我在Haskell中有一个列表列表。我希望从每个列表中获取一个元素时获得所有可能性。我目前所拥有的是
a = [ [1,2], [10,20,30], [-1,-2] ] -- as an example
whatIWant = [ [p,q,r] | p <- a!!0, q <- a!!1, r <- a!!2 ]
这就是我想要的。但是,这显然不是很好的代码,我正在寻找一种更好的编写列表理解的方法,这样就不会在代码中显示索引号(0,1,2)...这就是我和#39;被卡住了。
我该怎么做?
答案 0 :(得分:2)
使用一个函数(里面使用列表推导),我的解决方案是
combinations :: [[a]] -> [[a]]
combinations [] = []
combinations [l] = map (\ x -> [x]) l
combinations (x:xs) = combine (combinations [x]) (combinations xs)
where combine a b = [ p ++ q | p <- a, q <- b ]
示例:
*Main> combinations [[1, 2, 3], [4, 5, 6]]
[[1,4],[1,5],[1,6],[2,4],[2,5],[2,6],[3,4],[3,5],[3,6]]
*Main> combinations [['a', 'b', 'c'], ['A', 'B', 'C'], ['1', '2']]
["aA1","aA2","aB1","aB2","aC1","aC2","bA1","bA2","bB1",...
"bB2","bC1","bC2","cA1","cA2","cB1","cB2","cC1","cC2"]
编辑:当然,您可以使用sequence
功能,如评论中所示:
*Main> sequence [['a', 'b', 'c'], ['A', 'B', 'C'], ['1', '2']]
["aA1","aA2","aB1","aB2","aC1","aC2","bA1","bA2","bB1",...

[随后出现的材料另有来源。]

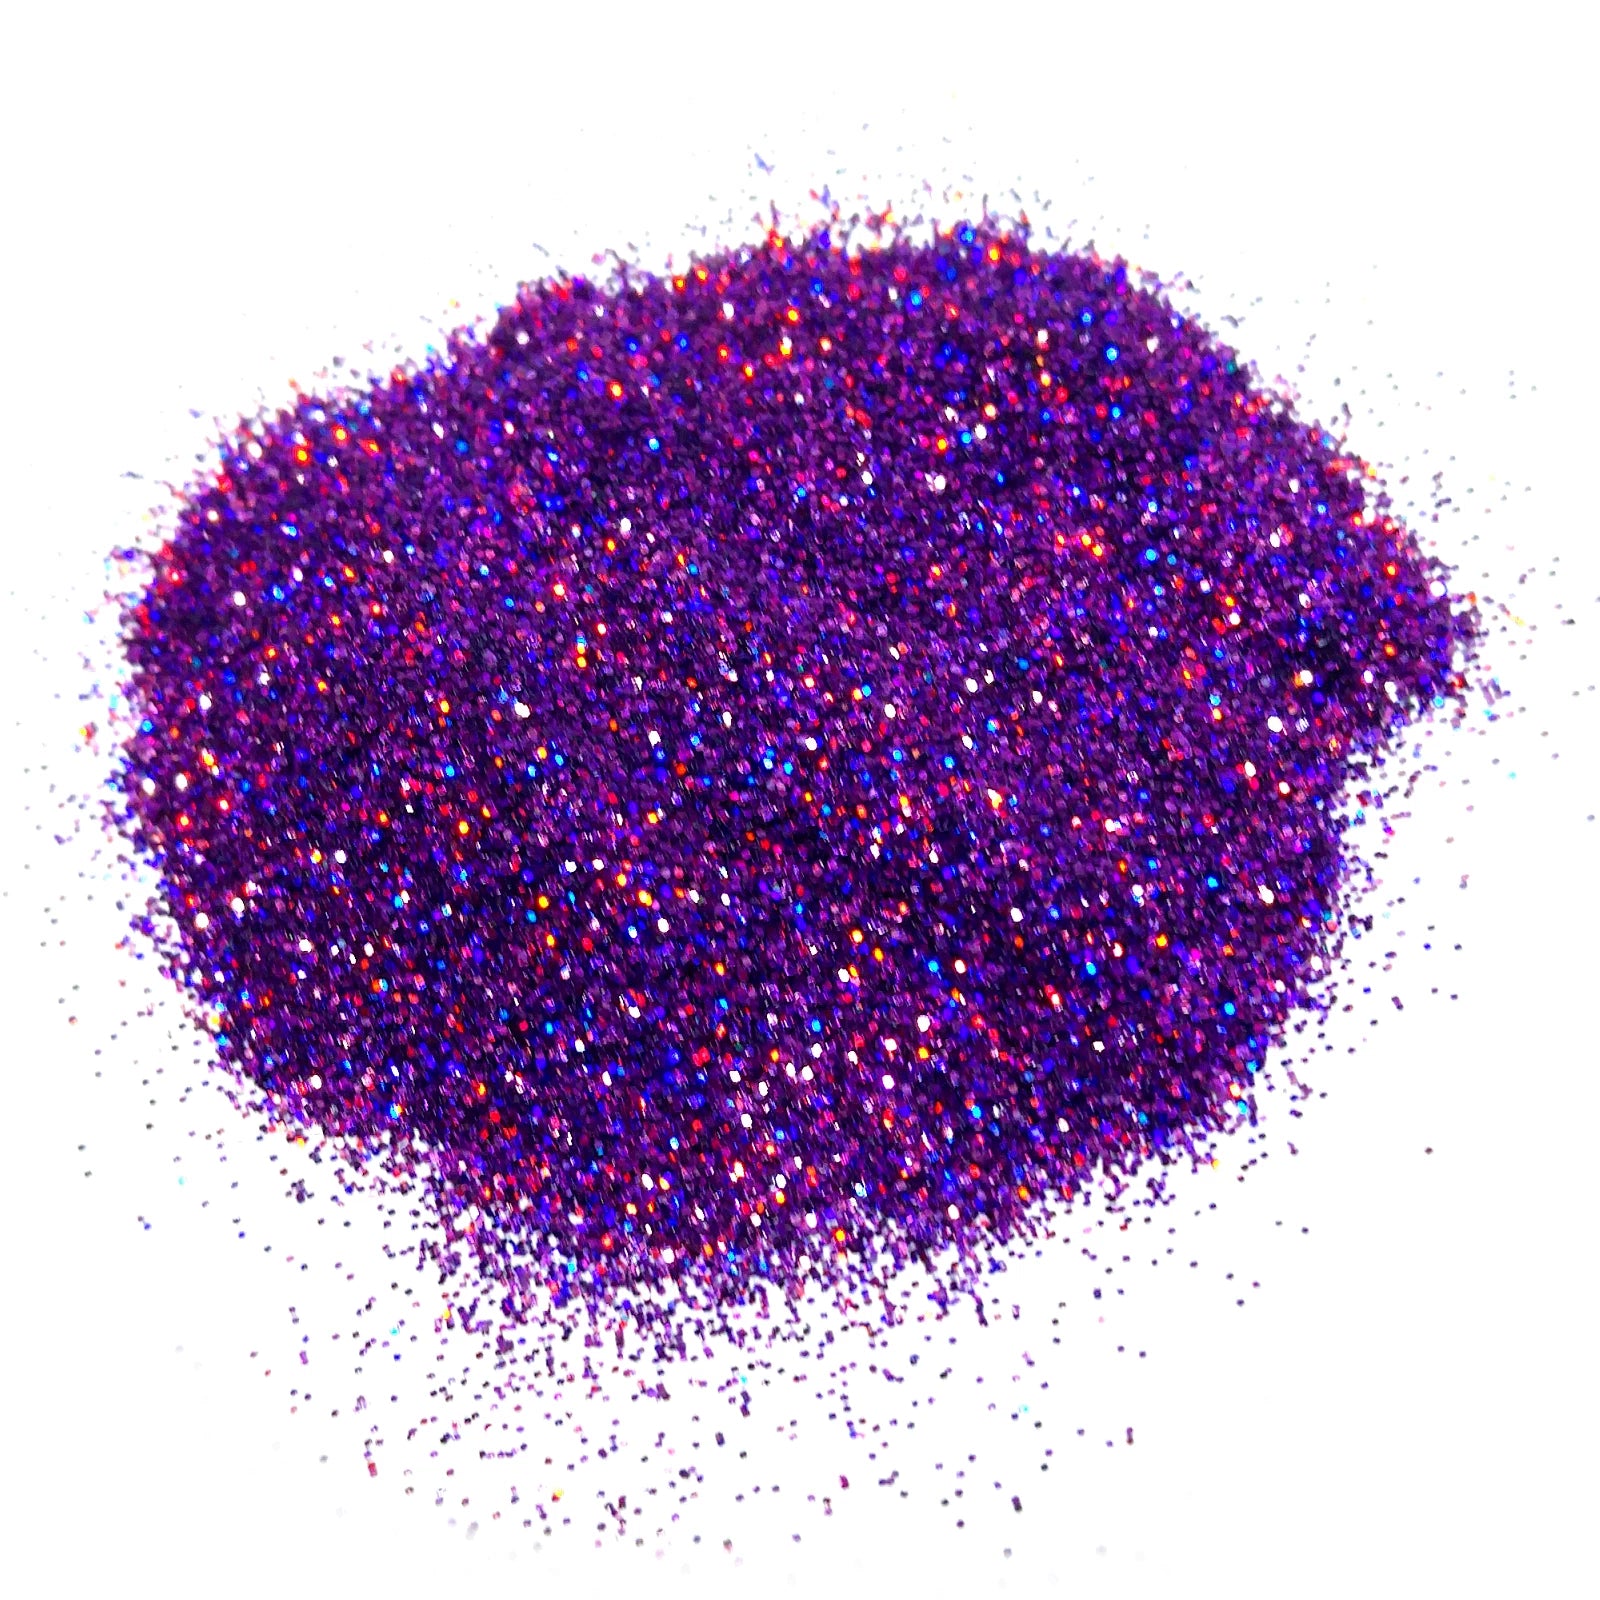 Purple Holographic Fine Glitter .2mm By Crazoulis Glitter

"bB2","bC1","bC2","cA1","cA2","cB1","cB2","cC1","cC2"]
答案 1 :(得分:1)
这显然不是一个好的代码
这是关于你可以做到的最好的方法,因为你的约束是输入是一个列表列表。
如果您使用其他类型,例如三个列表,然后您可以在结构上索引。 E.g。
Prelude> let x@(a,b,c) = ( [1,2], [10,20,30], [-1,-2] )
让你写:
Prelude> [ (p,q,r) | p <- a , q <- b , r <- c ]
[(1,10,-1),(1,10,-2),(1,20,-1)
,(1,20,-2),(1,30,-1),(1,30,-2)
,(2,10,-1),(2,10,-2),(2,20,-1)
,(2,20,-2),(2,30,-1),(2,30,-2)]
课程:要避免编制索引,请使用其结构捕获您想要保留的不变量的类型。将数据的维度提升到其类型。